Они совещались около двух часов, затем голограммы одна за другой начали таять в воздухе. Исчез темнокожий Брюс Калинге, родившийся в полуразрушенном Лондоне; погасли лицо и фигура Адишерова — этот воочию видел, как превратился в руины его родной Ташкент; растворился Шаврин — его деревня на Псковщине осталась целой, но белокаменные храмы, гордость Пскова, были уничтожены; пропало изображение Клейтона из городка Мускоги в Оклахоме, настолько далекого от мировых событий, что там, услышав про Вторжение, не поверили ни единому слову.
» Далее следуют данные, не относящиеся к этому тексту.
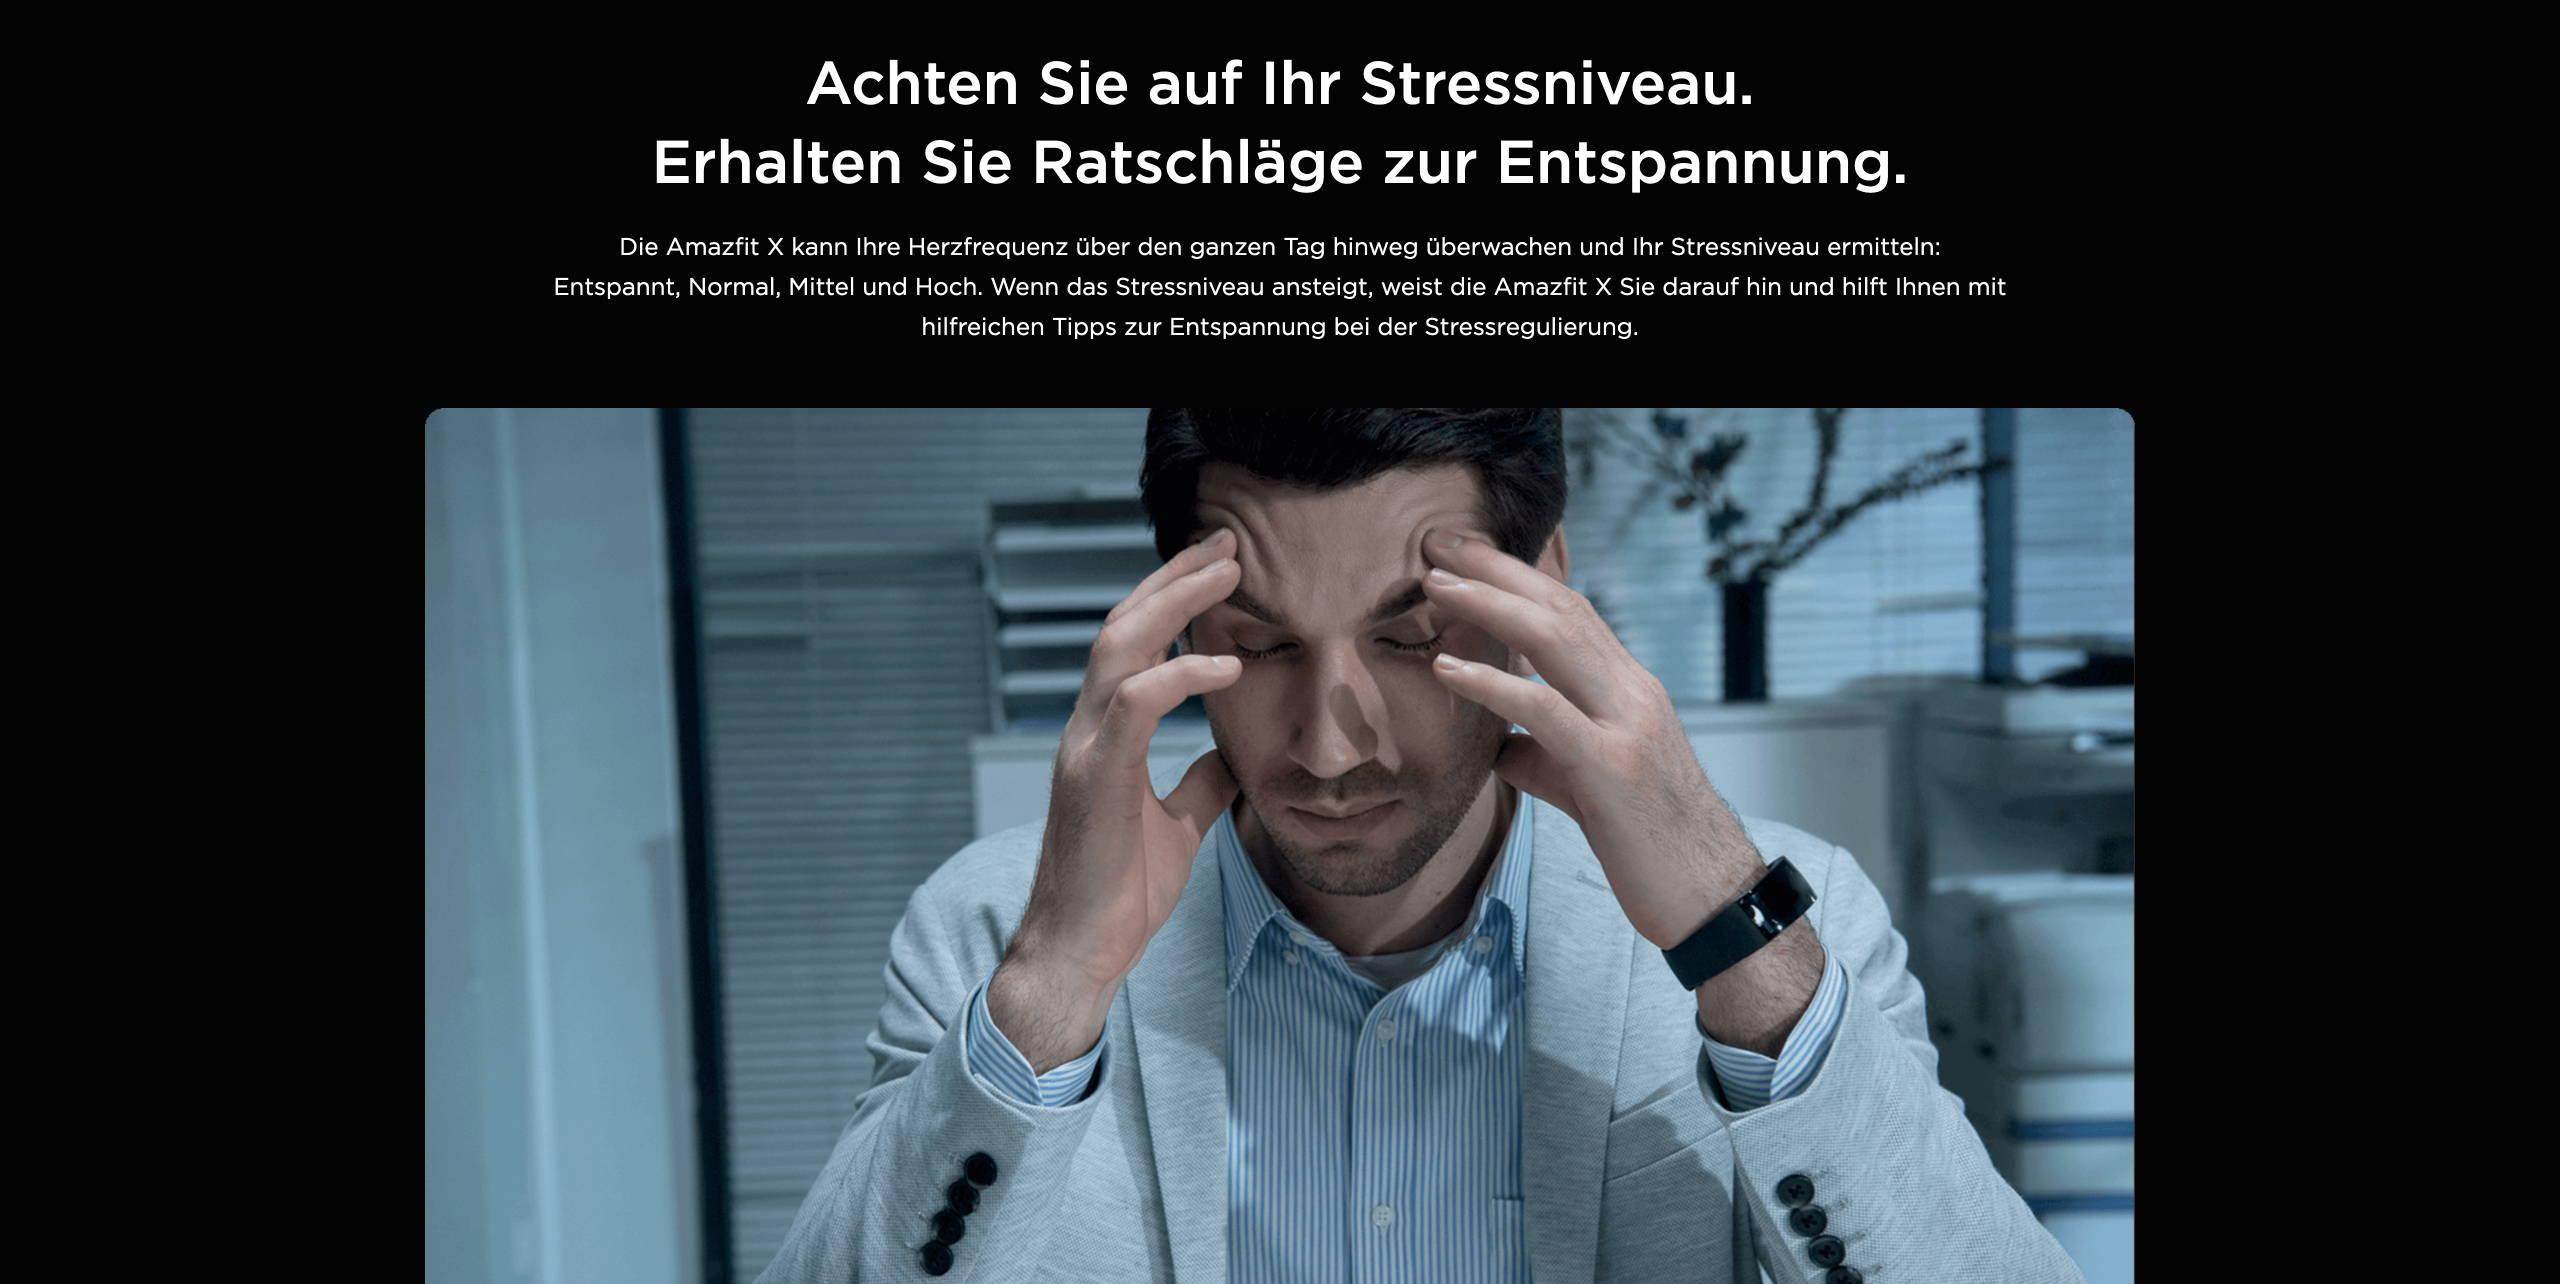 Amazfit X - Achten Sie auf Ihr Stressniveau. Erhalten Sie Ratschläge zur Entspannung.
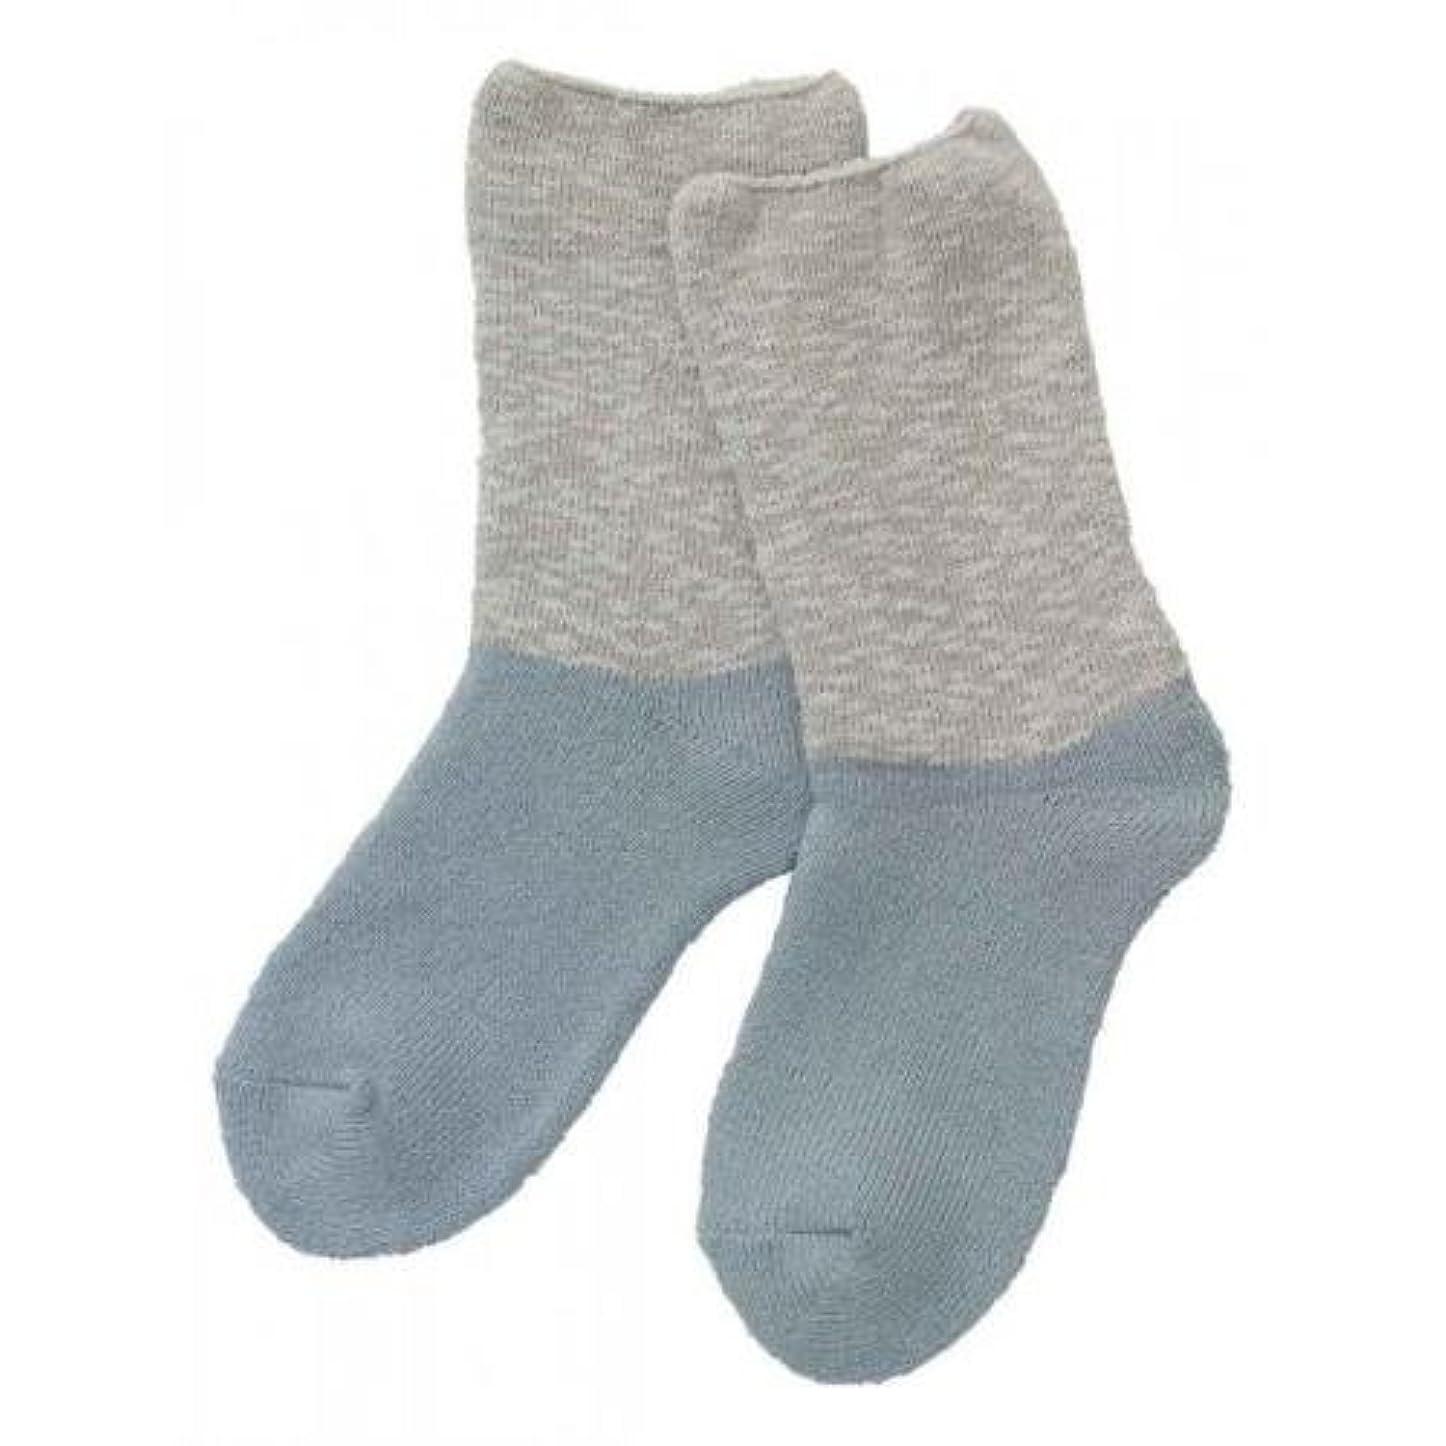 好ましい移行けん引Carelance(ケアランス)お風呂上りのやさしい靴下 綿麻パイルで足先さわやか 8706CA-70 ブルー

Последним растаял Пауль Бург, сказавший за время совета максимум десяток фраз, — как все рожденные на Марсе, он инстинктивно экономил воздух и потому был молчалив.
Оставшись один, коммодор Врба устало потер виски, затем набрал на браслете шифр климатизатора, откинулся в кресле и смежил веки. В салоне повеяло свежим запахом воды и цветущей сирени, чуть слышно зашелестела листва, и его черты смягчились. Мнилось ему, что сидит он в весенних садах Пражского Града, над широкой тихой Влтавой, и позади него вздымаются готические шпили собора Святого Витта, а внизу раскинулась река с пристанями, набережными, мостами, и самый древний из них, Карлов, грозит небесам парой сторожевых башен.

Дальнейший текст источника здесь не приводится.